SQLite User Forum

A newbie’s question about database structure design
Login
> I have a 3yeaars large number of stock historical data, they are stored in directories according to different dates, and the name of each directory is like 20180102, 20180103...There are about 750 directories so far, and there are more than 4000 CSV files stored in each directory, and file name corresponds to a stock code. Each CSV file has 50000-100000 rows and 7 columns.

I'm guessing the following:

1. Each CSV contains _tick data_, i.e. all individual trades and/or bid/ask quotes for a single counter on a single trading day
2. You're re-summarizing each counter's tick data every day _before_ doing cross-counter or time-based analysis.

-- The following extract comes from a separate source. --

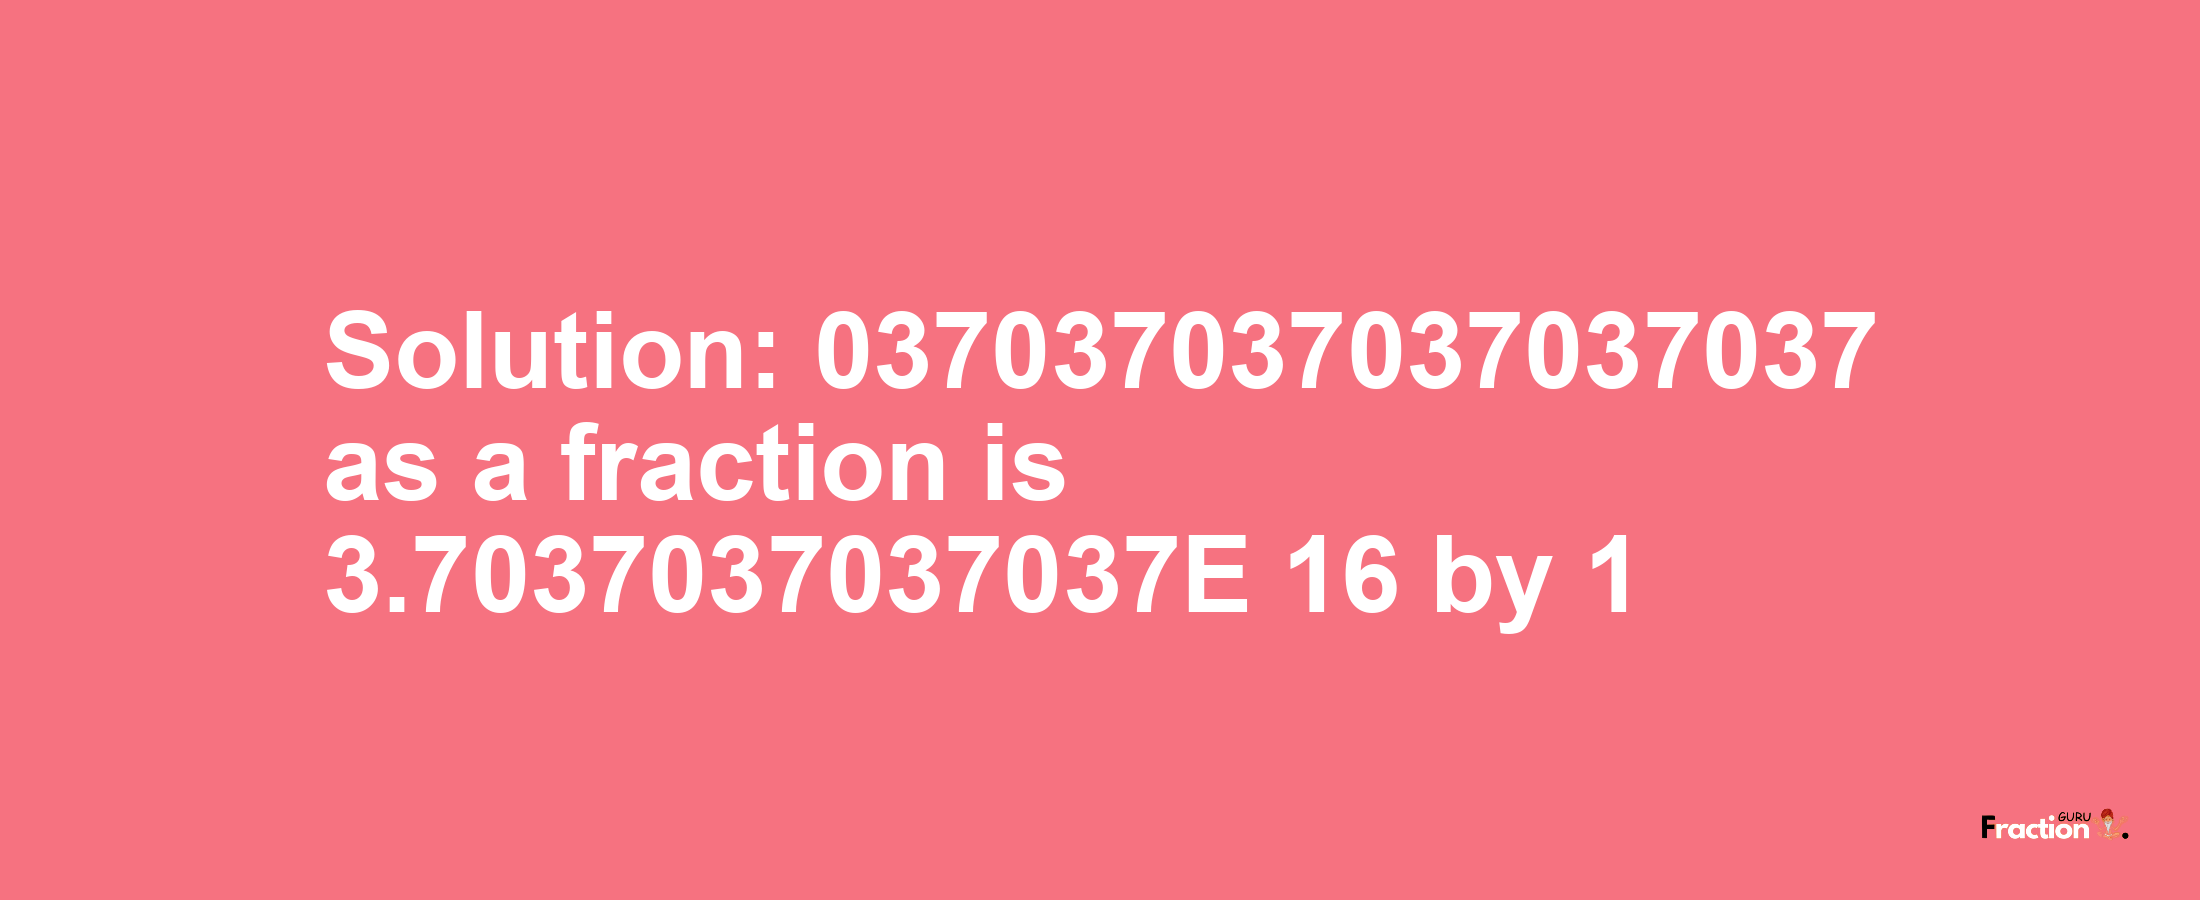 Solution:037037037037037037 as a fraction is 3.7037037037037E+16/1

To be frank, [2] is stupid. There's absolutely no reason to re-process the raw historical data for, say, 20180102 _every single day_, when you're not changing the operations you do each time. Far better to run your summary calculations _once_ for each day/counter and cache that summary, so instead of a 50000-100000 row CSV, you have a CSV with as few as _one_ row (EOD summary).

Once you have that, then the most flexible database design is actually ONE database with ONE table contains ONE row for each day/counter combo. Having done some work in this area, I can assure you that 4 million records encompassing an exchange's entire historical EOD data is far more tractable and useful, than _400 billion_ records at a data resolution (tick) that isn't even practical for analysis.